ソフトウェアのリバースエンジニアリングとは何か【午前2 解説】
正解の理由
選択肢ウ「既存のソフトウェアを解析し、その仕様や構造を明らかにする。」が正解です。リバースエンジニアリングはソフトウェアの実行バイナリやコード、ドキュメントから設計意図や仕様、アルゴリズム、データ構造などを逆算して抽出する作業を指します。目的は理解・検証・互換性確保・セキュリティ解析など多岐にわたりますが、本質は「完成された成果物から設計情報を取り出す」点にあります。
解法ステップ
- 問題文で「リバース(逆向き)」の意味を確認する。
- 選択肢を「解析・理解」「生成」「構造変更」「再構築」に分類する。
- リバースエンジニアリングは「解析・理解」に該当する選択肢を選ぶ。
- 他選択肢が指す技術(自動生成、リファクタリング、再実装)との違いを論理的に除外する。
選択肢別の誤答解説
- ア: 「開発支援ツールなどを用いて、設計情報からソースコードを自動生成する。」
- 誤り。これはモデル駆動開発やコード生成であり、設計→実装の順で進むフォワード工程です。リバースとは逆方向です。

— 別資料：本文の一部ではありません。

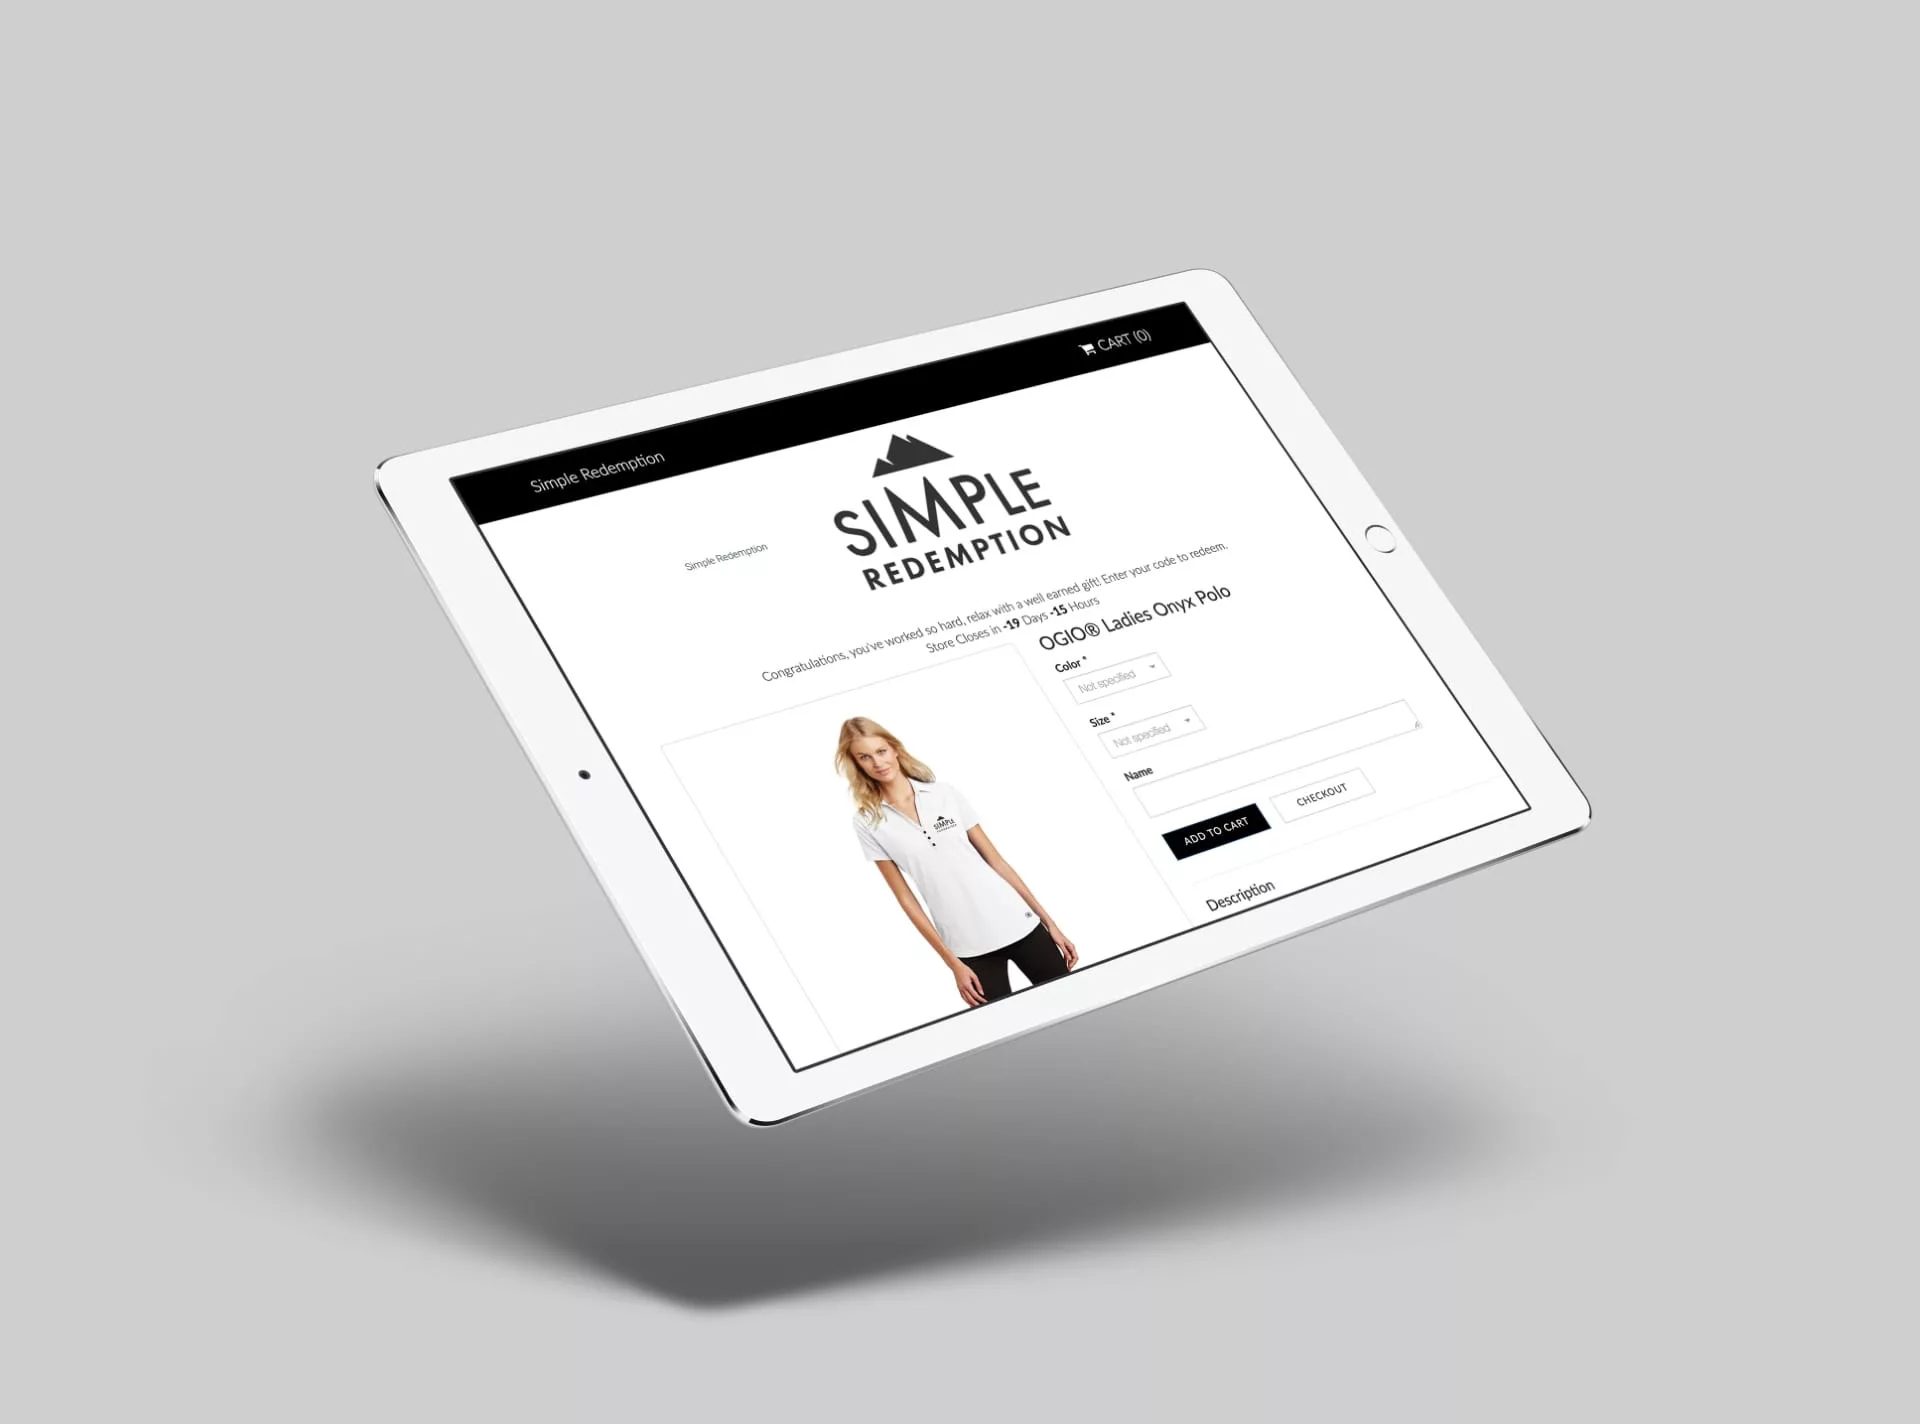 Mockup of the Simple Redemption website on a tablet

- イ: 「外部から見たときの振る舞いを変えずに、ソフトウェアの内部構造を変える。」
- 誤り。これはリファクタリング(またはリビルド時のリファクタ)に該当します。目的は保守性向上であり、解析そのものではありません。
- ウ: 「既存のソフトウェアを解析し、その仕様や構造を明らかにする。」
- 正解。リバースエンジニアリングの定義そのものです。ウ
- エ: 「既存のソフトウェアを分析し理解した上で、ソフトウェア全体を新しく構築し直す。」
- 誤り。これはリバースエンジニアリングの結果を踏まえた「再実装(リライト)」や「マイグレーション」に当たります。解析自体と混同しないようにします。
よくある誤解
- 「コードを自動生成すること」と混同する誤解:これはフォワード的な生成(設計→コード)でありリバースとは逆です。
- 「動作を変えずに構造だけ変える(リファクタリング)」と混同する誤解:リファクタリングはソースがある前提で可読性や保守性の改善を目的とする行為で、解析目的とは異なります。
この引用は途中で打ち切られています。